Autor:David Dastych
Źródło:Canada Free Press
„Why am I a writer? Why have I risked my life so many times, come so
close to dying? Is it to report the weirdness? To earn my salary? Mine
is not a vocation, it’s a mission. I wouldn’t subject myself to these
dangers if I didn’t feel that there was something overwhelmingly
important–about history, about ourselves–that I felt compelled to get
across. This is more than journalism.”
–Ryszard Kapuscinski interview by Bill Bufford („Granta Magazine”).
Rick, why did you have to die yesterday, only 74, while Augusto
Pinochet could die at 91? Do you know he died on December 10, 2006: on
Human Rights Day? We don’t miss him at all, but we all shall miss you.
Your loving wife, Alina, who was so kind and wrote letters to me in
prison in the 1980s, your daughter (whom I never met)–she lives in
Canada, hundreds of your friends, of whom I am a humble friend of yours
and an admirer of your unique personality and of your books for 45
years, since your first collection of journalist reports with a very
strange title „Busz po polsku” (The bush, Poland’s style) published
in 1962, when I was in America. But, first of all, poor people in
the whole world, in Africa, Latin America and Asia, people of all human
races will miss you, as you were their best advocate, who took them out
of the negligence and oblivion, the man, who told the 20 percent of the
world’s well-to-do nations that there was still 80 percent of the poor,
sometimes sick and hungry human beings to be considered and helped.
Yes–humans, not just statistical 'units’.
Do you remember how we were discussing about China, twenty years ago
(now you remember all, in heaven!)?. Then I told you about my strange
encounter with a million of poor, badly smelling and all dressed in grey
dungarees young Chinese, shouting in support of Mao Zedong in the
Tiananmen Square in Beijing, and about hundreds of corpses scattered in
Wuhan after a military charge. In 1967, China was a 'chaos under Heaven’
and in 1986, when we were talking, it was emerging from poverty and
dictatorship to be hit again by a massacre of students and passers-by in
the same huge Beijing square on June 4, 1989. At that time I was still
in a communist prison, but already happy and rejoicing the victory of
Solidarity in the first Polish half-free elections held on the same day.
Twenty years ago, you told me that China would become one of the
leading world powers. And there it is.
Rick, you have told a Polish reporter (I don’t recall when): „My main
ambition is to show Europeans that our mentality is highly Euro-centric,
and that Europe, or rather part of it, is not unique in the world, but
that it is surrounded by an immense, ever increasing diversity of
cultures, societies, religions and civilizations. Life on this planet,
where there are more and more interconnections, demands awareness of
this fact and adjustment to radically new global conditions.” And on
some other occasion you said: „I write from on the move. I am not an
inventor. I don’t describe any imagined or purely personal world. I
describe the world that really exists.”
This world, you described for almost 50 years, was not a safe place.

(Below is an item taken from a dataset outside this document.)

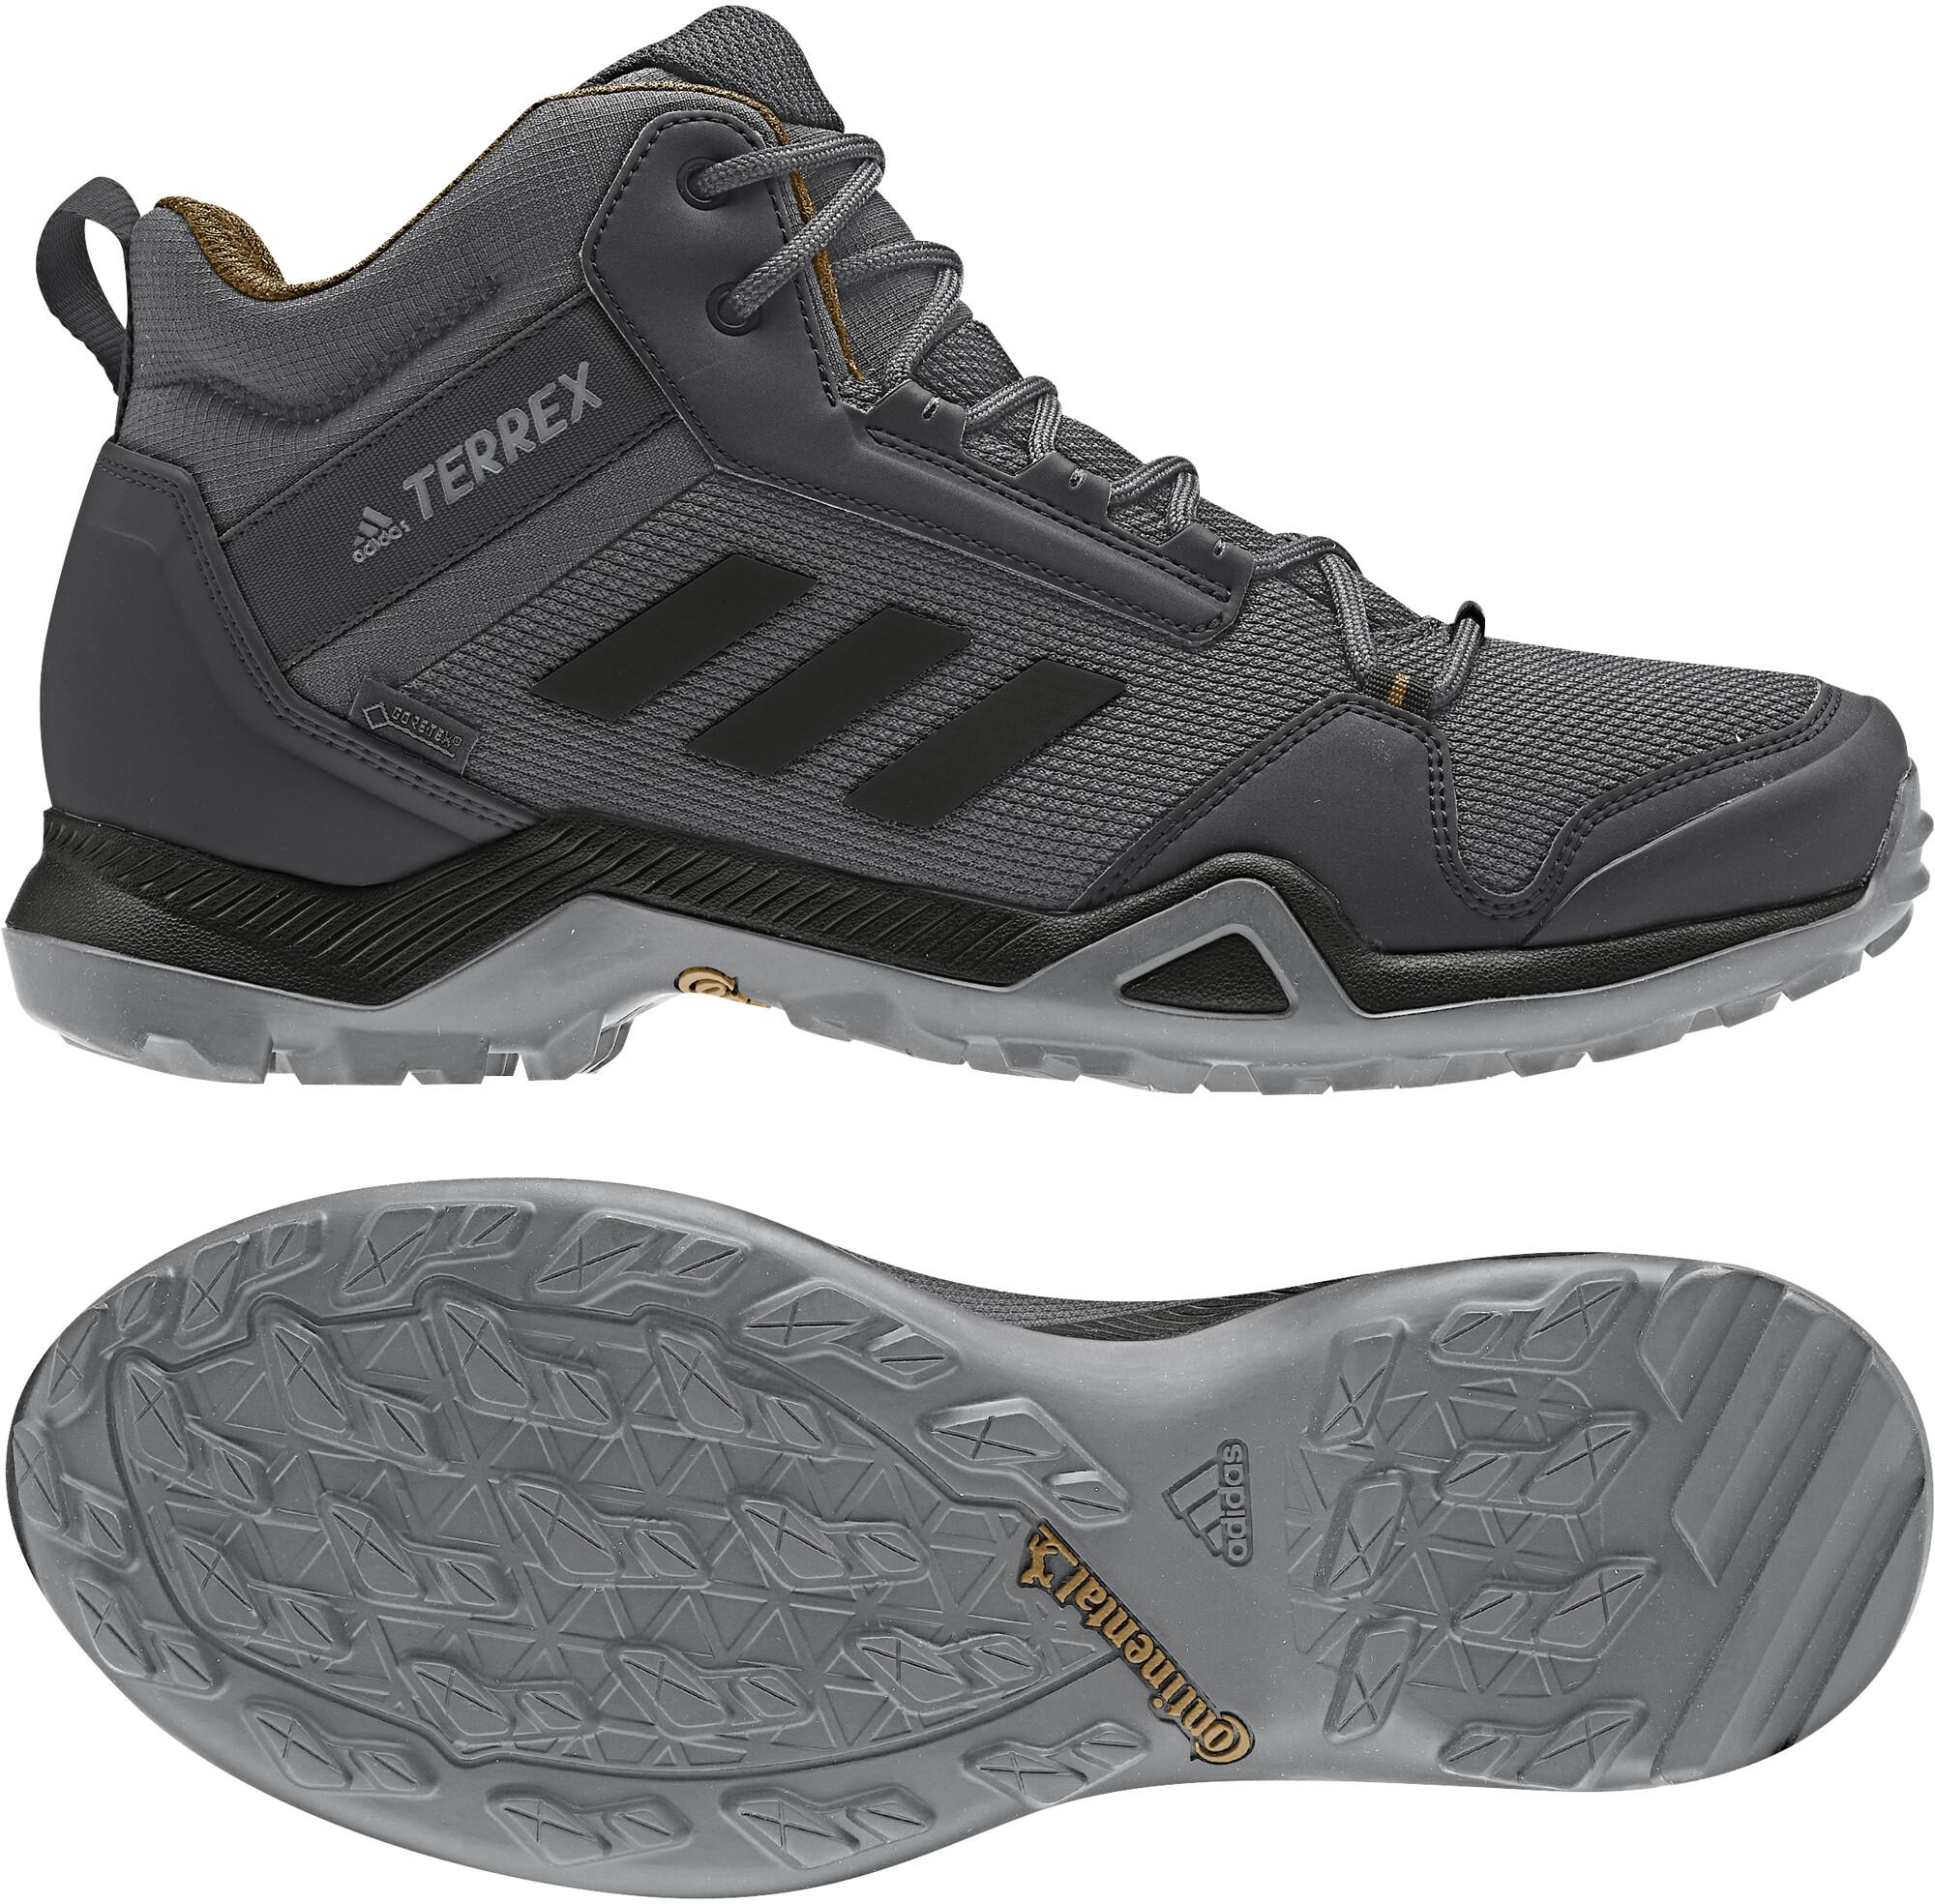 partes ayudar Campeonato  adidas TERREX AX3 Mid Gore-Tex Hiking Shoes Waterproof Men grey five/core  black/mesa at addnature.co.uk

Our journalist colleagues and also your friend, well known to
me–Professor Wiktor Osiatynski – remembered in a TV chat yesterday that
you had witnessed 27 revolutions in many parts of the world, and you
had personally reported on 12 wars. I also know, from you, that four
times you were captured and walked to death. Polish Radio remembered
your description of how a person feels being brought to be shot. You
told how one’s body becomes 'detached’ and 'impersonal’, like a piece of
wood. Did I tell you how some mafia thugs wanted to shoot me in the
woods, in the early 1990s? I went with them (there was no choice but to
obey them) and I thought of my whole life, I was calm and stiff, I
couldn’t speak and my reactions were like in a dream. You have known
this, haven’t you?
But there are things that survive beyond the human life. Your books and
other writings, recordings of your voice and face in lectures and
interviews, also your thoughts, which are body-less but circulate freely
among people. You once said: „any kind of creative work requires
concentration and solitude. People who write poetry [and you did that
too, Rick] or paint pictures [you preferred to take photos] do it alone.
And if that’s how we understand getting to know the world, then while
traveling you also have to be alone.” „Who goes with you on your
journeys”–somebody asked. „My thoughts and no one else”–you answered.

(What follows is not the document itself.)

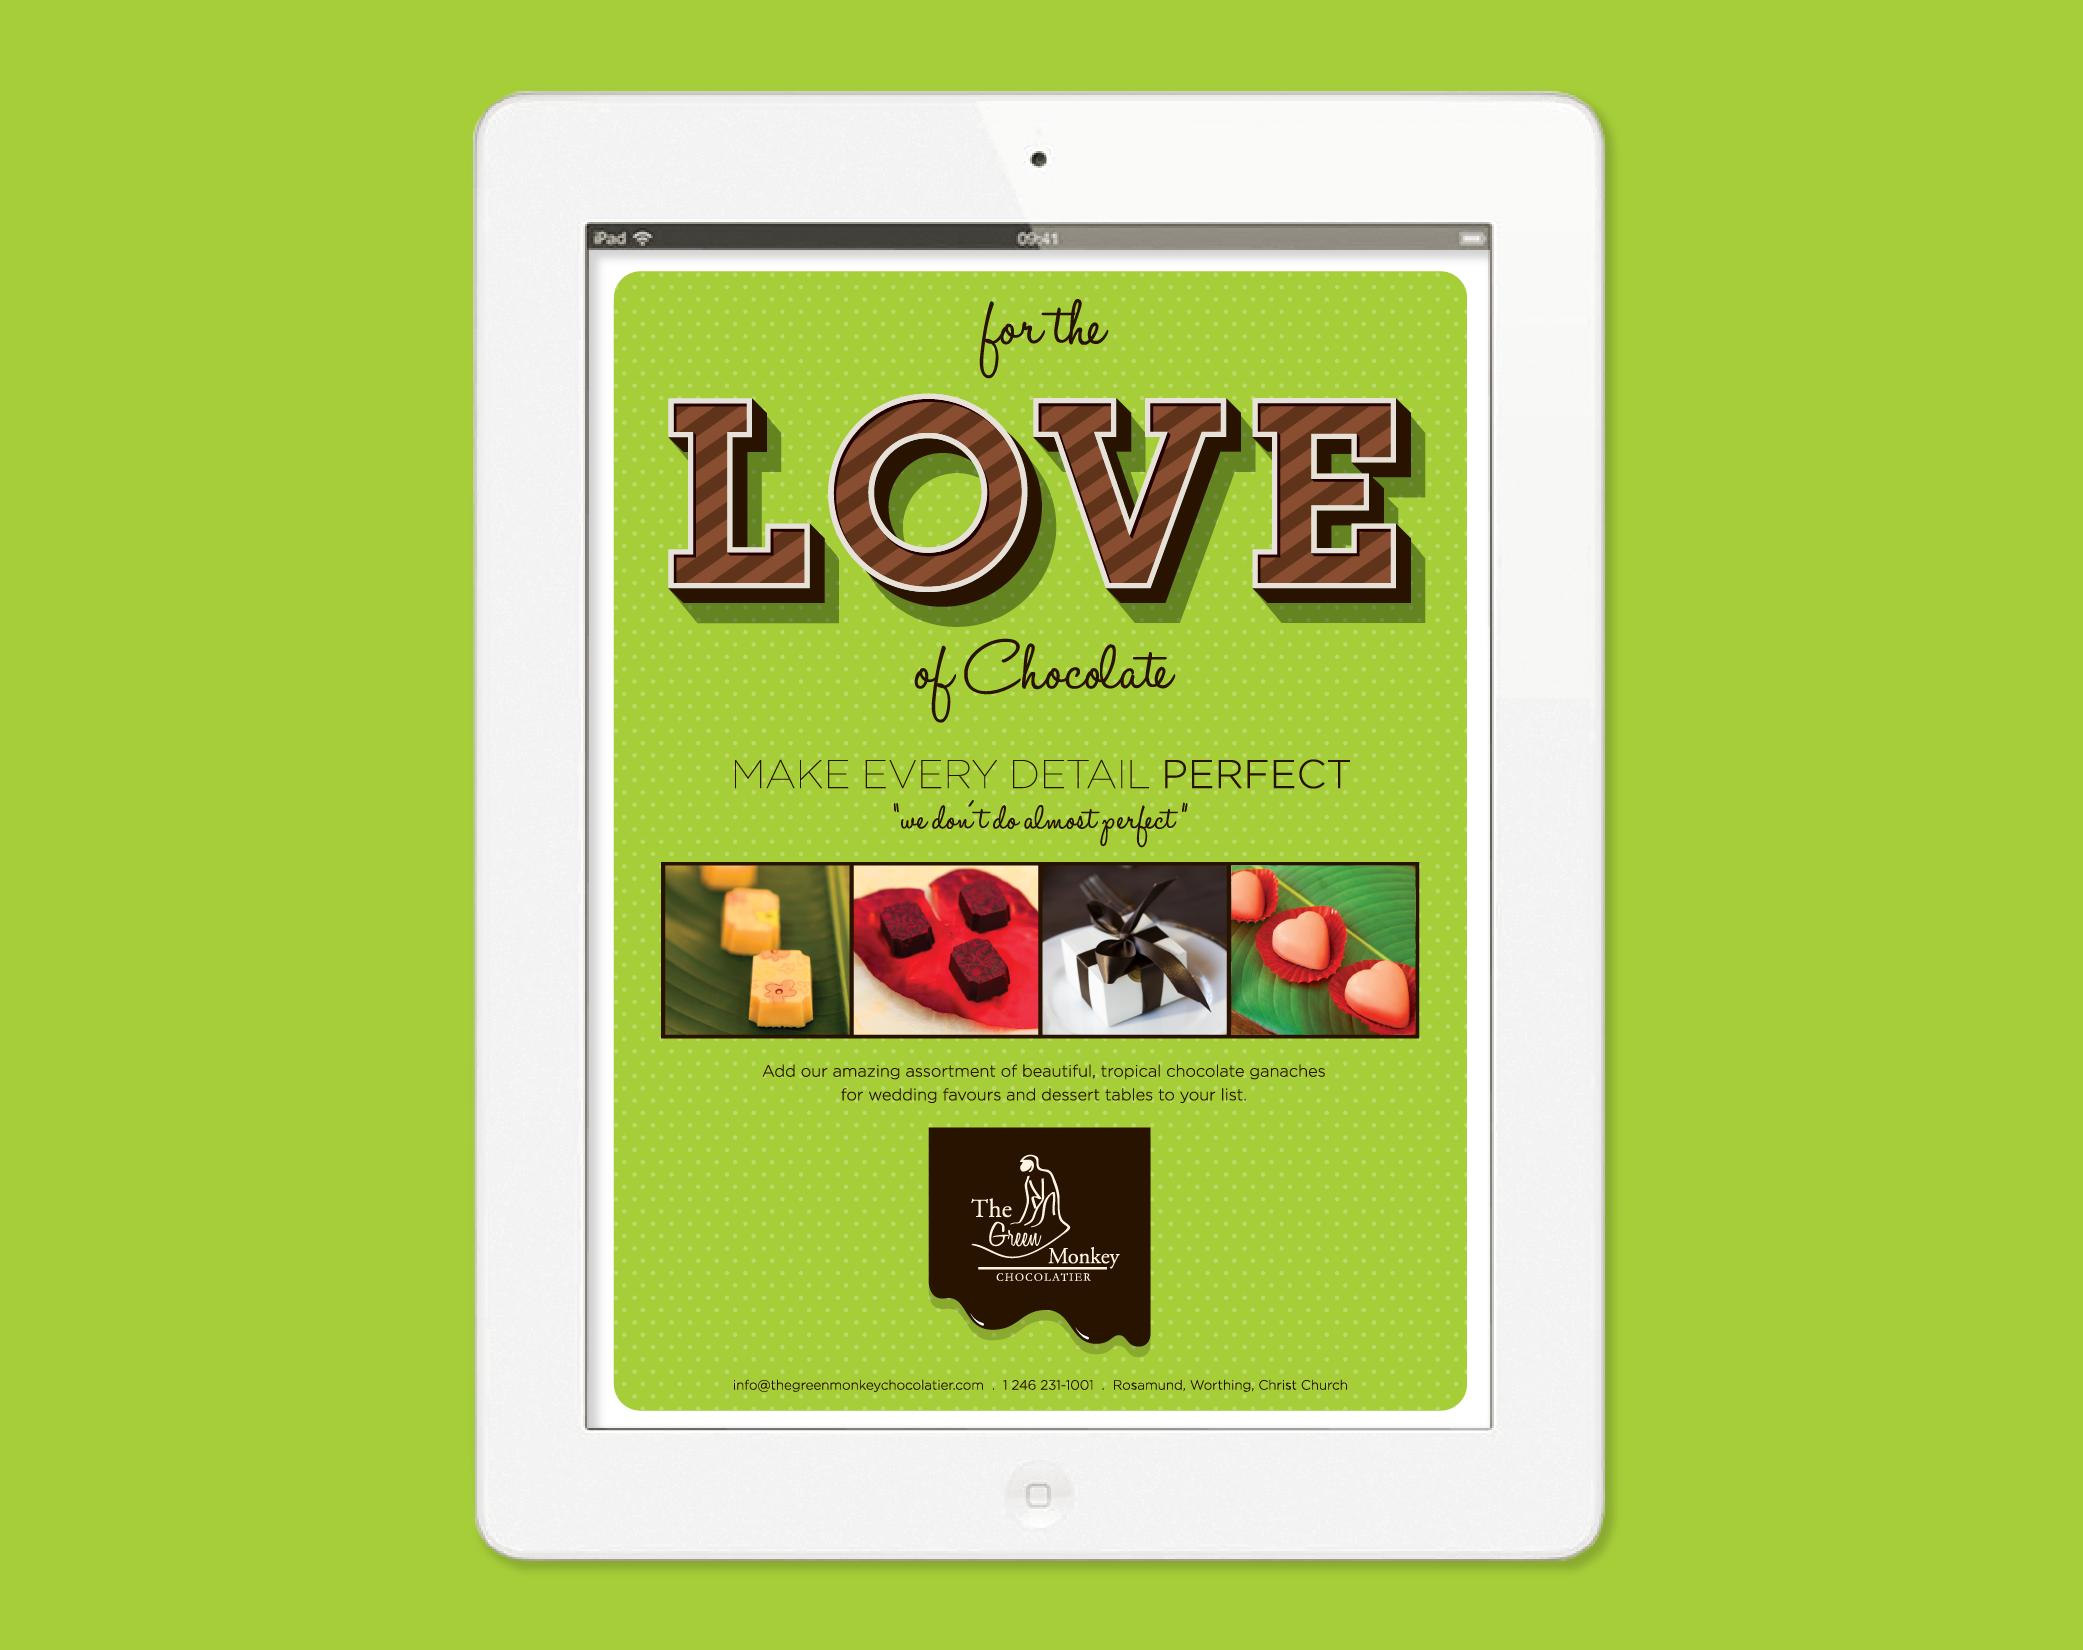 The Green Monkey Chocolatier -BrideLife Online Magazine - Ad

Rick, the good thoughts and remembrances of all of us will accompany
you on your last journey. Mine and Sophie’s, too. So leave this Earth in
peace, leaving to us your noble thoughts, perfect writings and noble
deeds. Excuse me, if I wouldn’t come to your funeral. You know I broke
my back twelve years ago and hardly can walk. Other friends will throw
lumps of dirt into your open grave, in my name. But when the sun will
melt snow, I shall go to this lovely graveyard and I shall put flowers
and little stones on the place of your rest. Adios, Rick!